Various shadow ministers also dislike the government’s asymmetric treatment of banks and other businesses. ‘It’s a striking omission when screwing a £25 billion NI raise,’ says Andrew Griffith, the shadow business secretary. ‘It’s the Jamie Dimon effect.’ The wider business community is noticing too. Even representatives of large and medium-sized firms complain that they cannot get a meeting with anyone in the Treasury after 18 months of asking.
The Treasury has, of course, always been the government department with ‘policy ownership’ over the financial services sector. But institutional logic alone does not explain Reeves’s love-in with the banks. As one former Treasury official observes, the two seem to have made a Faustian pact. If financial institutions are reassured that their interests are respected, they signal to international markets that the Treasury is sympatico. As the official explains: ‘Once you’ve hitched your wagon to stability and inward investment… where’s your most mobile capital? Financial services.’
To understand the roots of that bargain, you have to go back to the general election and its aftermath. In opposition Reeves made it her mission to woo City businesses and their public affairs firms. For a party desperately seeking financial credibility, policies that were City-friendly were attractive. The banks started saying nice things, and the Chancellor reaped the rewards.
And so too have the banks. Lloyds’s profits jumped 12 per cent last year and NatWest’s dividend has increased by over 50 per cent. Some might call that a windfall.

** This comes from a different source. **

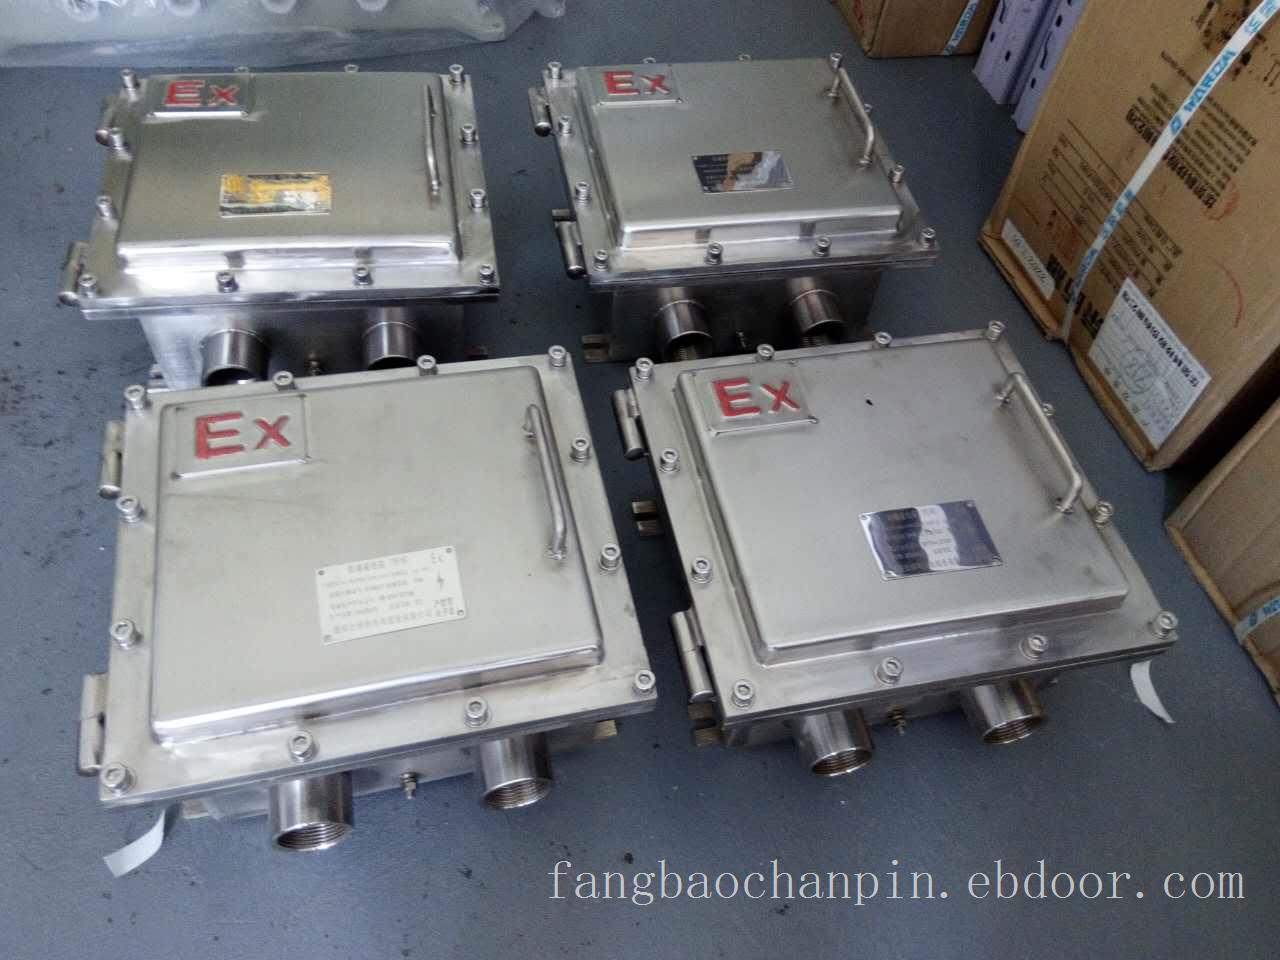 防爆接线箱是各种高危场所使用的特殊设备

Yet while profits roll in for the bankers, tax rises and labour market regulations in the rest of the economy have constricted growth, depressed investment and increased unemployment. The divide between the wealth of the Square Mile and the economic stagnation elsewhere widens. Sky-high energy prices continue to devastate manufacturing and deter tech innovation. All the while the Chancellor basks in the approval of the bankers. Peter Mandelson may now be an outcast for this Labour government, but his spirit still haunts the Treasury.